Hello. I was wondering if you’ve ever noticed when you go to an American bookstore there is a very large self-help section; and it’s huge, about 10 meters worth of books. If you go to a French self-help section, that does exist in their bookstores, but it’s far smaller. You might interpret that to mean the Americans are flipped out and need a lot of help and the French are very centered.
The reality is there’s simply less people who speak the French language. The economics of publishing in smaller languages, especially those that have lower incomes, becomes very difficult for the publishing industry. A few years back, I was doing a workshop with the World Bank on poverty alleviation, and one of the keys to lifting people out of poverty is literacy, especially amongst young girls from the ages of about 5 to 11 years old. One aspect that is missing in that key period of life is there is often a lack of textbooks.

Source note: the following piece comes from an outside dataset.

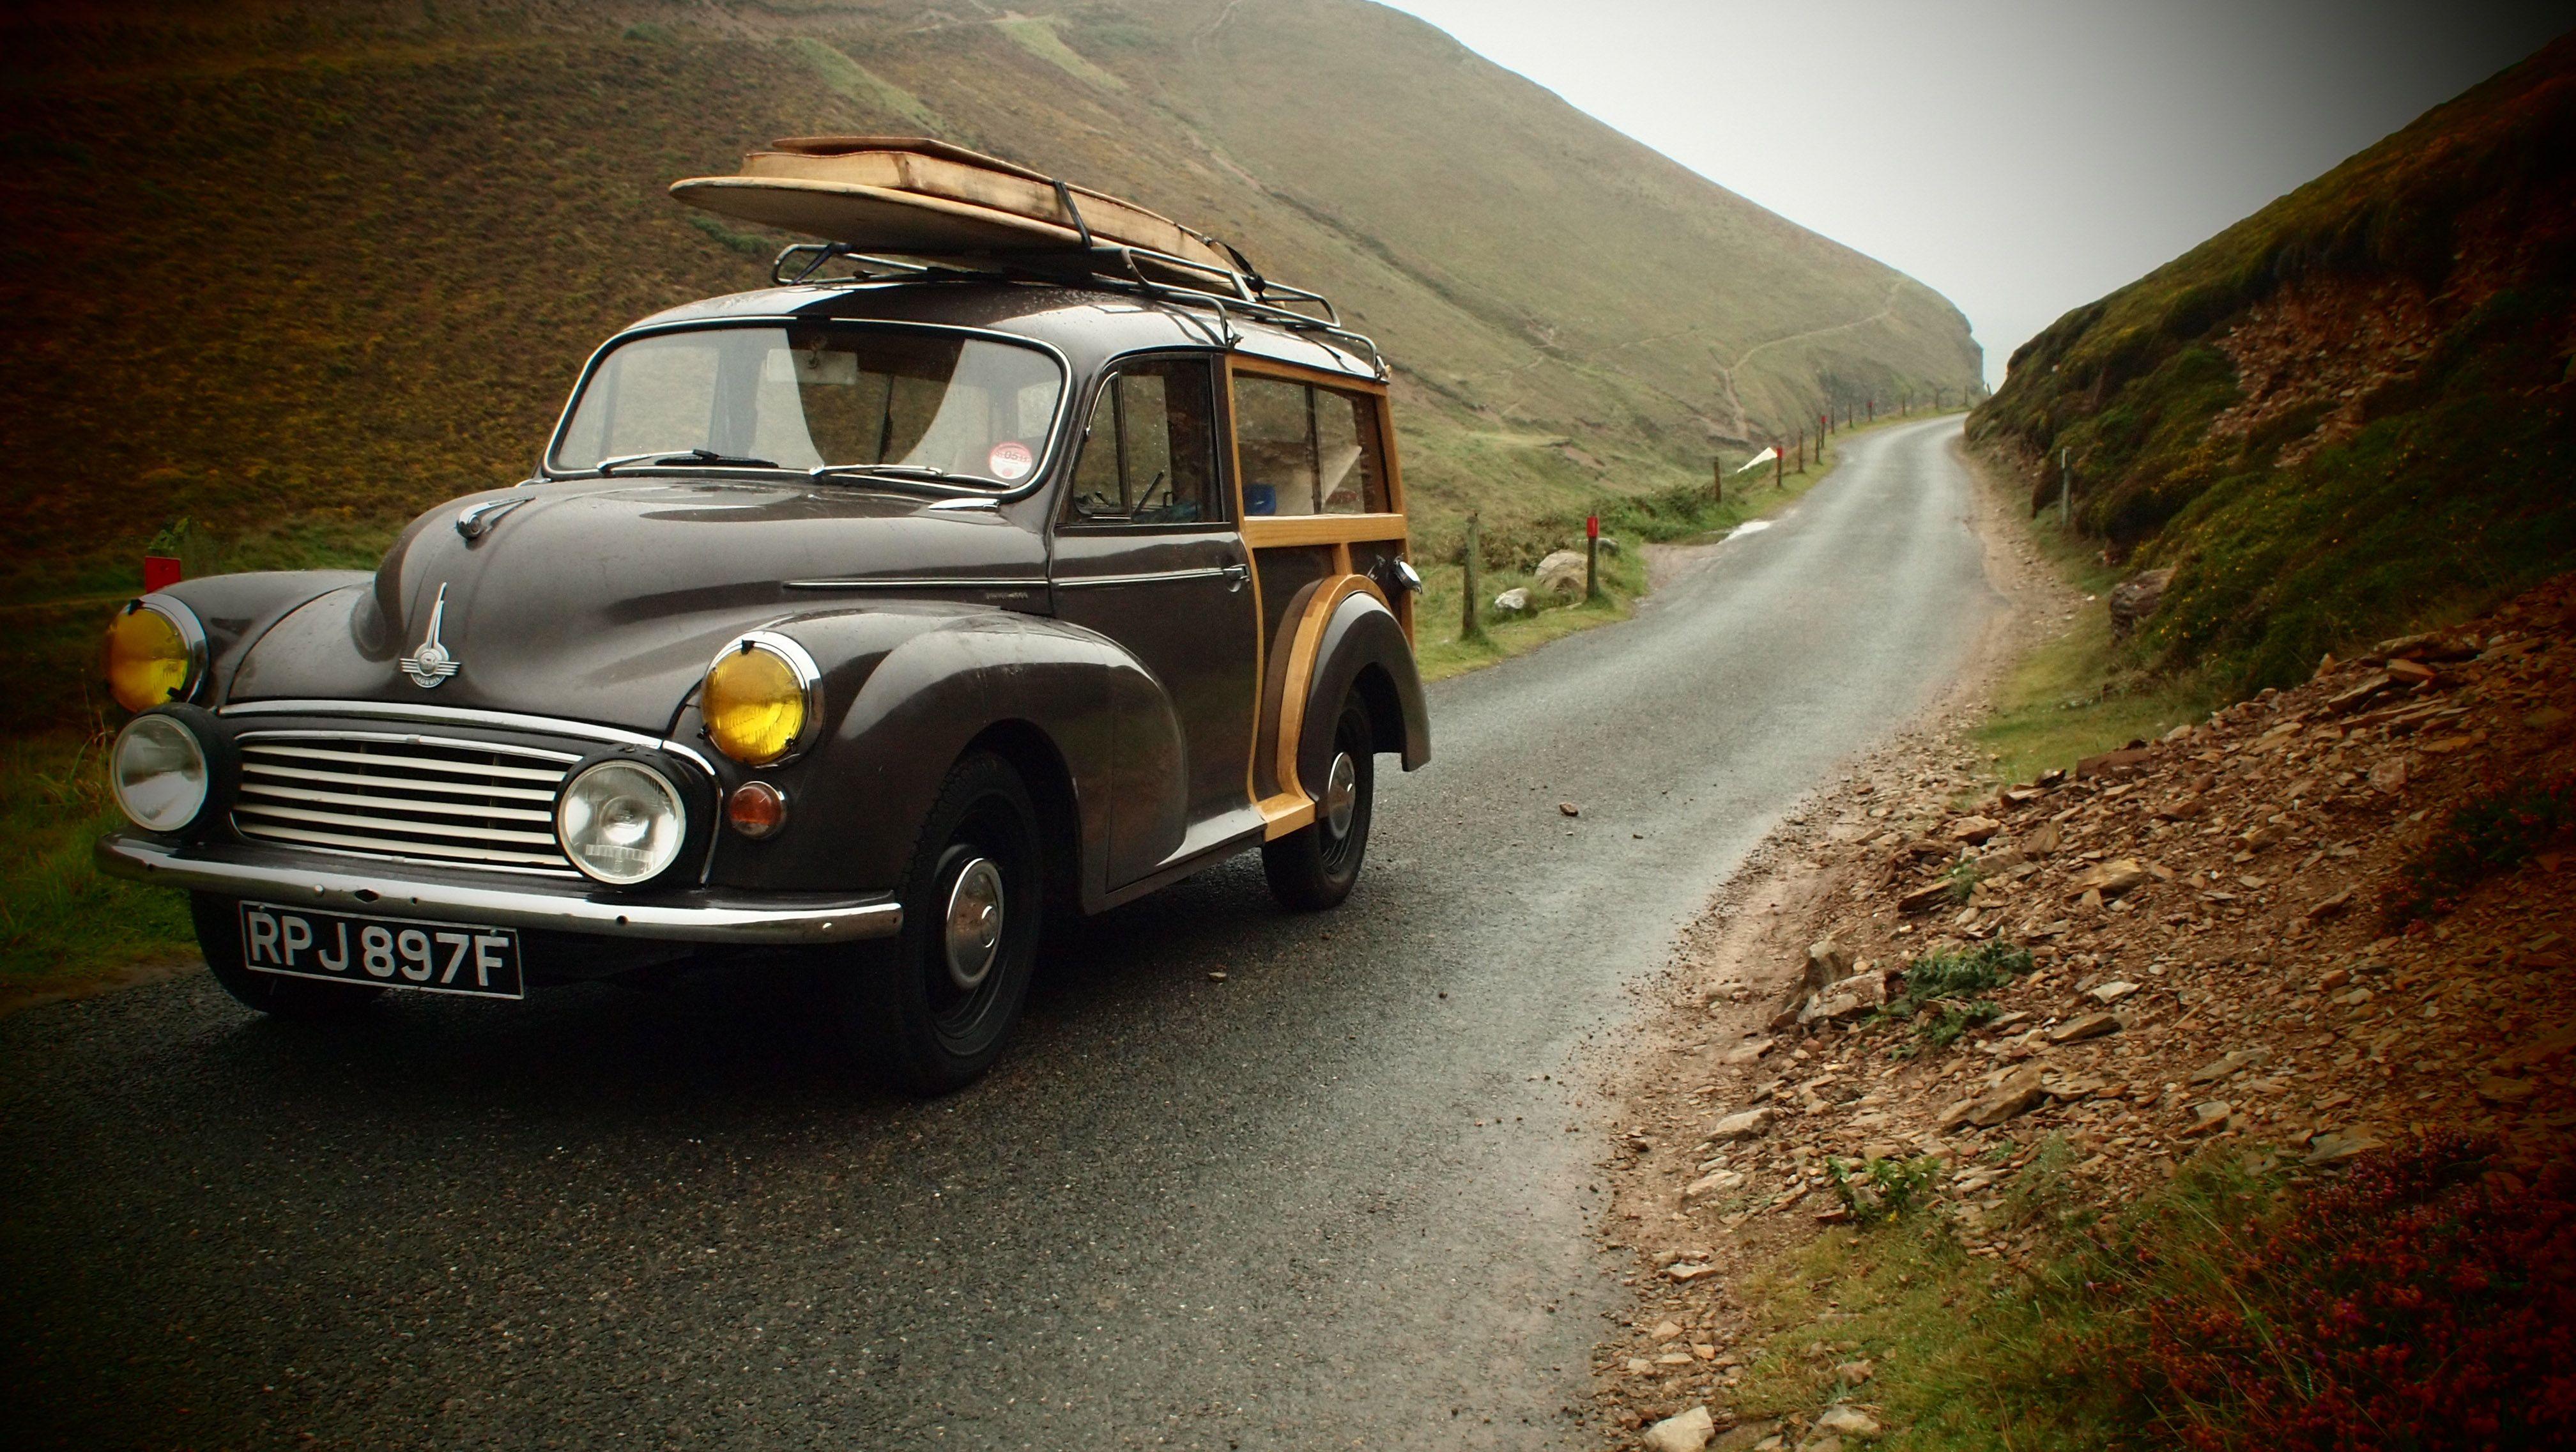 Vintage Surf Wagons | Influx Magazine influx.co.uk | Cars ...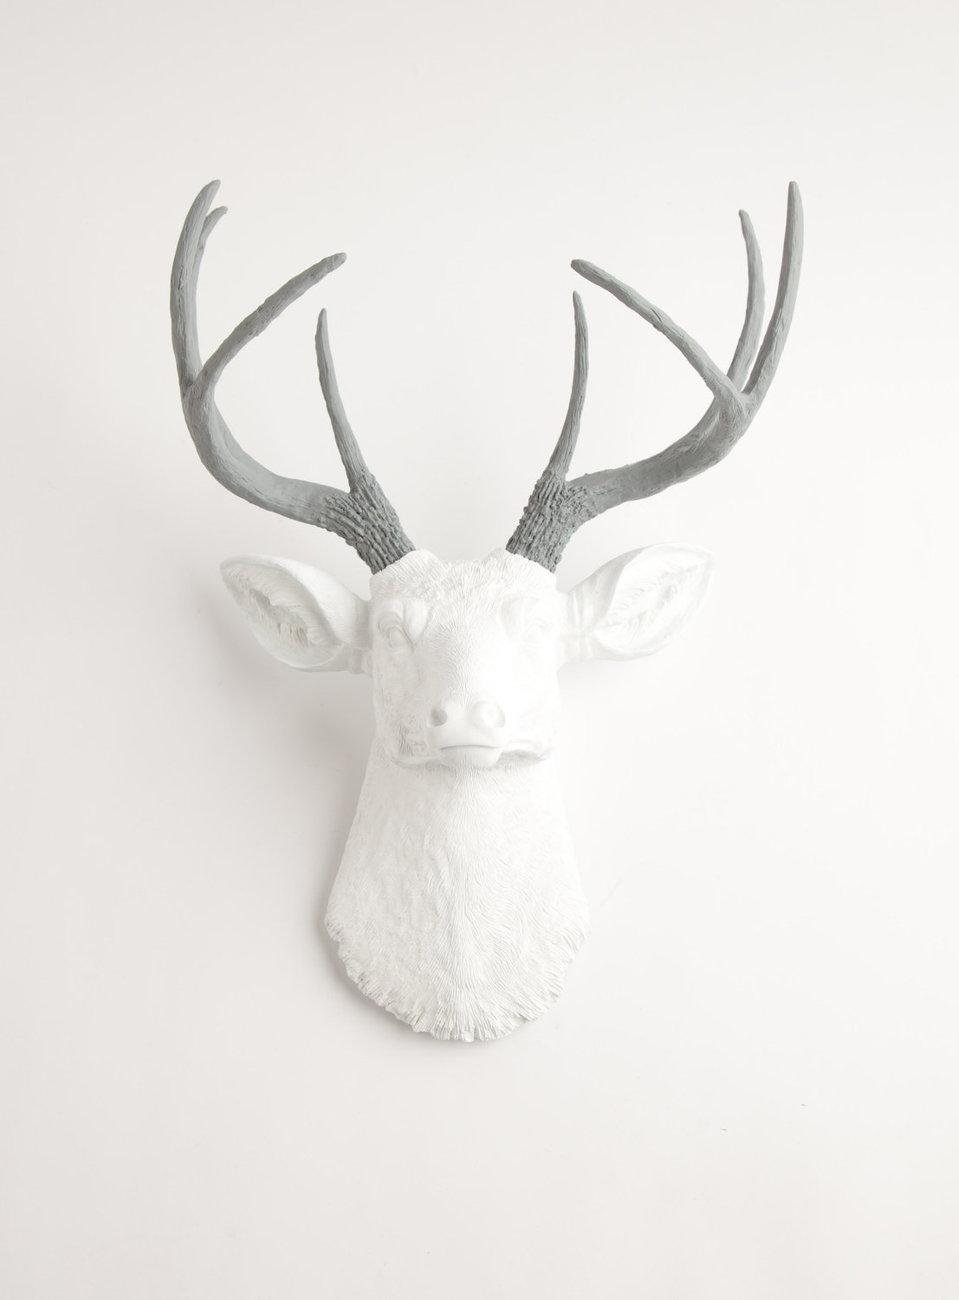 The Helena White W Gray Antlers Resin Deer Head Faux

Many of the world’s languages don’t have spelling books, math books, reading books, and the like. It’s just a classic case of market failure. At the same time, I was working on some projects in development economics dealing with form-direct investment. A lot of people want to do impact-investing, investing in developing countries to small businesses. Unfortunately, these businesses have very narrow business models. They might make 6” copper nails and things like that. Things for which there is actually no market data. You can’t purchase data on the world market for some of these products and services. Again, a case of market failure.
And being a Professor of Management Science, I was thinking if there is any way to solve this market failure problem that seems to be not just for business investments but also for language learning? I discovered that there was a demand, it was a very narrow demand, but the key problem was actually the author. Authors are expensive. They want food and things like that, they want income. There is also the editors, the graphic artists, and all these people.
So, appealing to management science, which was founded by Frederick Taylor which is basically the use of mathematics to solve basic business problems, is there a way to augment labor productivity using management science techniques to overcome these market failures? Frederick Taylor is given a lot of credit for starting the notion of automation. In manufacturing, Ford, of course, took that to an extreme.
So, question, “Can we replace the author with computer algorithms? Notice the acronym EVE here, for something called a collection of programs which is an Economically Viable Entity, that basically is a box that solves both of those problems simultaneously. This is the basic problem. There is a world of information out there. Many of you have published articles, or press, etc. Maybe the person that can most benefit from that research is on the other side of the planet. They don’t read academic journals, they don’t speak English, and they are in a world that has been under-served because of their small languages. How in the world can we get that information to them but also, perhaps, there is the wealth of knowledge on their side of the world that can be used on our side of the world in the world of data.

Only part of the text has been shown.